14.23,1.71,2.43,15.6,127,2.8,3.06,.28,2.29,5.64,1.04,3.92,1065,1
13.2,1.78,2.14,11.2,100,2.65,2.76,.26,1.28,4.38,1.05,3.4,1050,1
13.16,2.36,2.67,18.6,101,2.8,3.24,.3,2.81,5.68,1.03,3.17,1185,1
14.37,1.95,2.5,16.8,113,3.85,3.49,.24,2.18,7.8,.86,3.45,1480,1
13.24,2.59,2.87,21,118,2.8,2.69,.39,1.82,4.32,1.04,2.93,735,1

I was looking for an elegant way to do this.

Actually I tried it like

:%s/$/,/g

And then

:%s/$/^./g

But I could not make it to work.

EDIT : Well, actually I made one mistake in my question. In the data-file, the first character is not always 1, they are mixture of 1, 2 and 3. So, from all the answers from this questions, I came up with the solution --

:%s/^\([1-3]\),\(.*\)/\2,\1/g

and it is working now.


A regular expression that doesn't care which number, its digits, or separator you've used.
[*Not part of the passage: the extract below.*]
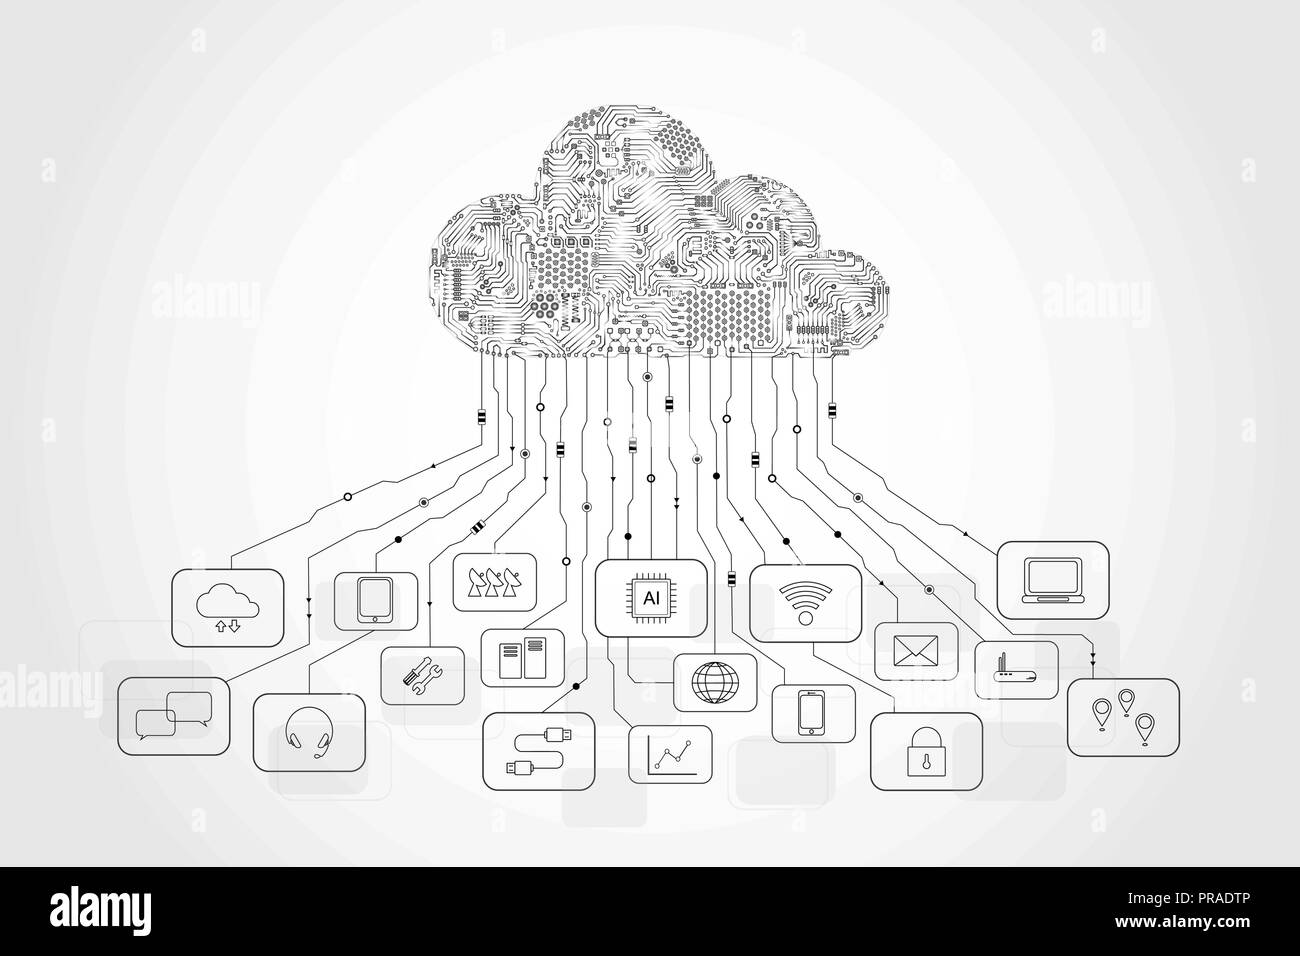 Cloud Computing Technology With Icons Vector Illustration Stock Vector

That is, this would work for lines that have both 1 as their first number, or 114:

:%s/\([0-9]*\)\(.\)\(.*\)/\3\2\1/

Explanation:

:%s//           - Substitute every line (%)
\(<something>\) - Extract and store to \n
[0-9]*          - A number 0 or more times
.               - Every char, in this case,
.*              - Every char 0 or more times
\3\2\1          - Replace what is captured with \(\)

So: Cut up 1 , <the rest> to \1, \2 and \3 respectively, and reorder them.